The enzymatic decomposition of H2O2 was measured to assess CAT activity using the method of Aebi (1984). The reaction mixture containing phosphate buffer, homogenate, and H2O2 was monitored for oxygen evolution by measuring the change in absorbance at 240 nm over time. CAT activity was expressed in units per milligram of protein based on the initial rate of change in absorbance.

Glutathione peroxidase (GPx) activity

GPx activity was determined according to Pagha and Valentine (1967) with modifications. The reaction mixture containing reduced glutathione (GSH), sodium azide, NADPH, glutathione reductase, and homogenate was initiated with H2O2. The decrease in absorbance at 340 nm due to NADPH oxidation was monitored spectrophotometrically. GPx activity was expressed in units per milligram of protein based on the rate of NADPH oxidation and a standard curve.

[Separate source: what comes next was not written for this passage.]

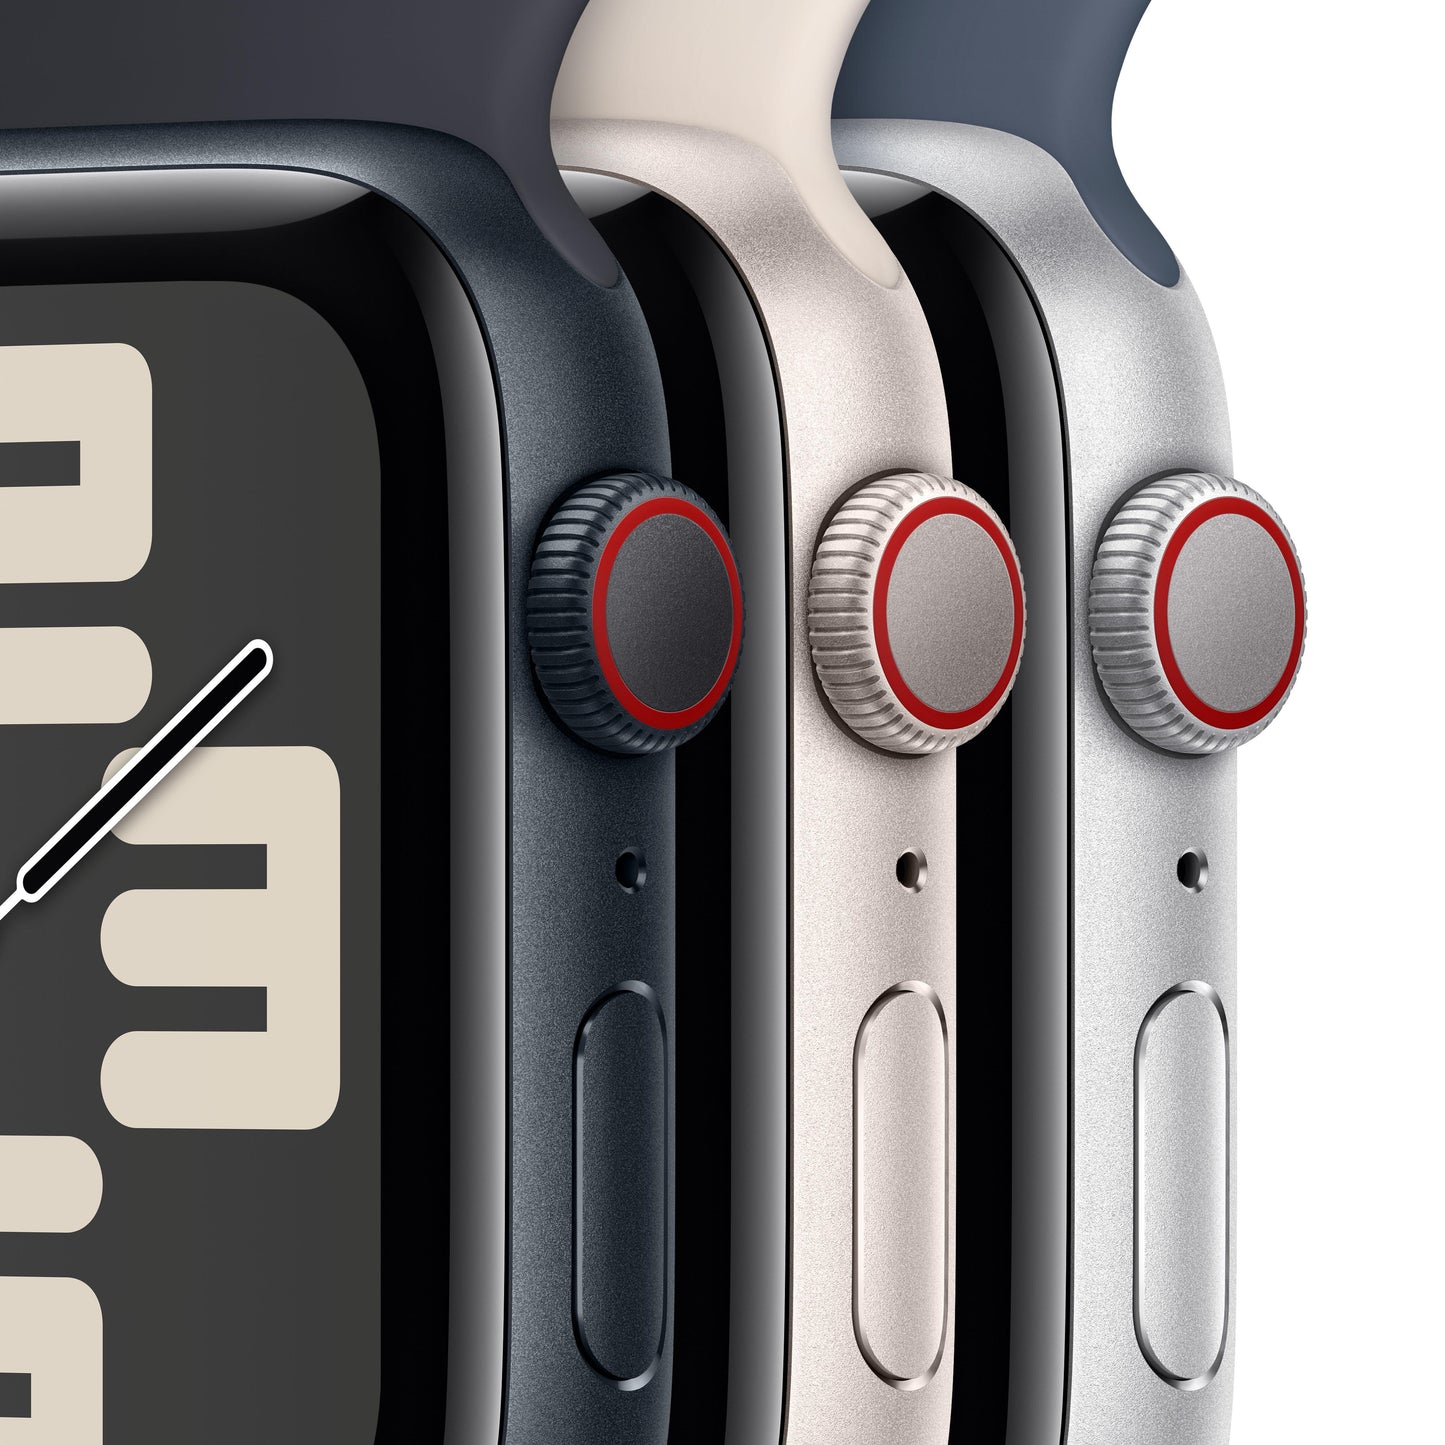 Apple Watch SE (GPS + Cellular) - Caja de aluminio en color medianoche de 40 mm - Correa deportiva color medianoche - Talla M/L

Acetylcholinesterase (AChE) activity

AChE activity was measured using the Ellman et al. (1961) method with modifications. The reaction mixture containing homogenate, 5, 5’-dithiobis (2-nitrobenzoic acid) (DTNB), and acetylthiocholine iodide was monitored for the formation of the yellow 5-thio-2-nitrobenzoate anion at 412 nm. AChE activity was expressed in units per milligram of protein based on the initial rate of change in absorbance.

Statistical analysis

Data were reported as mean ± SEM, with p < 0.05 considered significant. Group differences were assessed by one-way ANOVA followed by Bonferroni post-hoc tests where appropriate. Interactions between control groups (saline, ketamine) and treatment groups (ketamine + lithium, ketamine + FRF, combined regimens) were evaluated using one-way ANOVA with Bonferroni post-hoc for all measured outcomes (p < 0.001).